Do not try to automate your entire infrastructure with AI on day one because that's how you break production.

So instead just pick something narrow and more specific and give your AI clear guardrails to protect from messing up anything important.

And at the beginning, keep humans in the review loop.

And once you have that fully working, then expand slowly.

And this is exactly how we adopted every other DevOps tool.

When Kubernetes came out, you didn't immediately migrate all your applications to Kubernetes, right?

You started with one service or one application.

Maybe you did a test run, you made sure it worked and then migrated more.

AI is the same.

It's a new tool in your toolkit, so you introduce it and you migrate your stuff to it.

Incrementally, so we know the limitation.

But what are the practical workflows where AI is useful right now?

Not in the future, not someday, but today.

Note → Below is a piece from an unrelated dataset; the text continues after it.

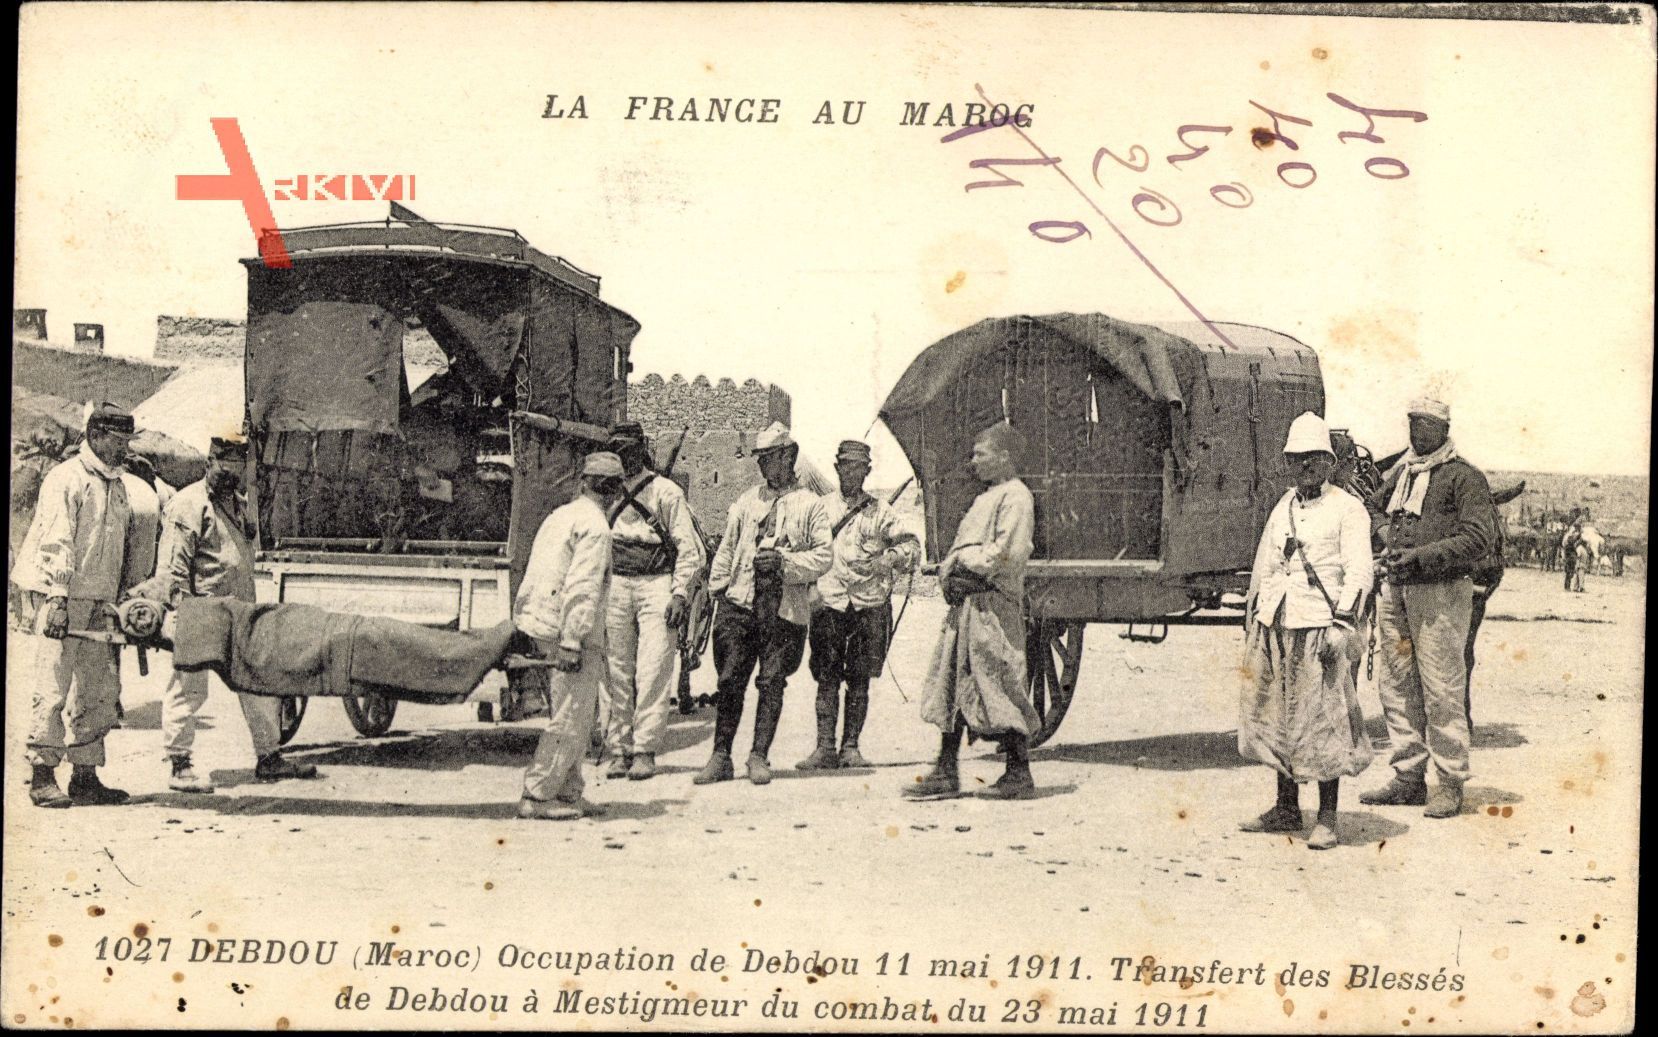 Debdou Marokko, Occupation de Debou 11 mai 1911, Transfer des Blesses

And Brett's answer was surprisingly specific and it starts with CI ICD.

So if you're experimenting with that, absolutely.

I think that CI is a wonderful place to play right now because it's not yet building production deployments for you, which also is an area that you can experiment with an AWS engineer, Raj.

Who showed us how to use the MCP servers at AWS to build Kubernetes cluster.

And it is possible, it is totally doable.

It built cloud formation, it built Terraform for us can use CDK.

You can use any of these ways to program the infrastructure and try it out, but you're wanting, you're what you're gonna realize through your process.

I think if we're gonna imagine anyone out here that's gonna play with this stuff after listening to us, that you're gonna realize that.

This is all going to, the more you try to automate it with ai, the more it's gonna fo focus on you having to document, document, document and give that documentation to a bigger, increasing context to your ai.

So it ends up having all the documentation, all your standards.

What are your requirements?

There are specific IAM groups that has to use, you're gonna have to give it all that crazy detail.

Now let me explain why CICD is the perfect starting point for AI in DevOps.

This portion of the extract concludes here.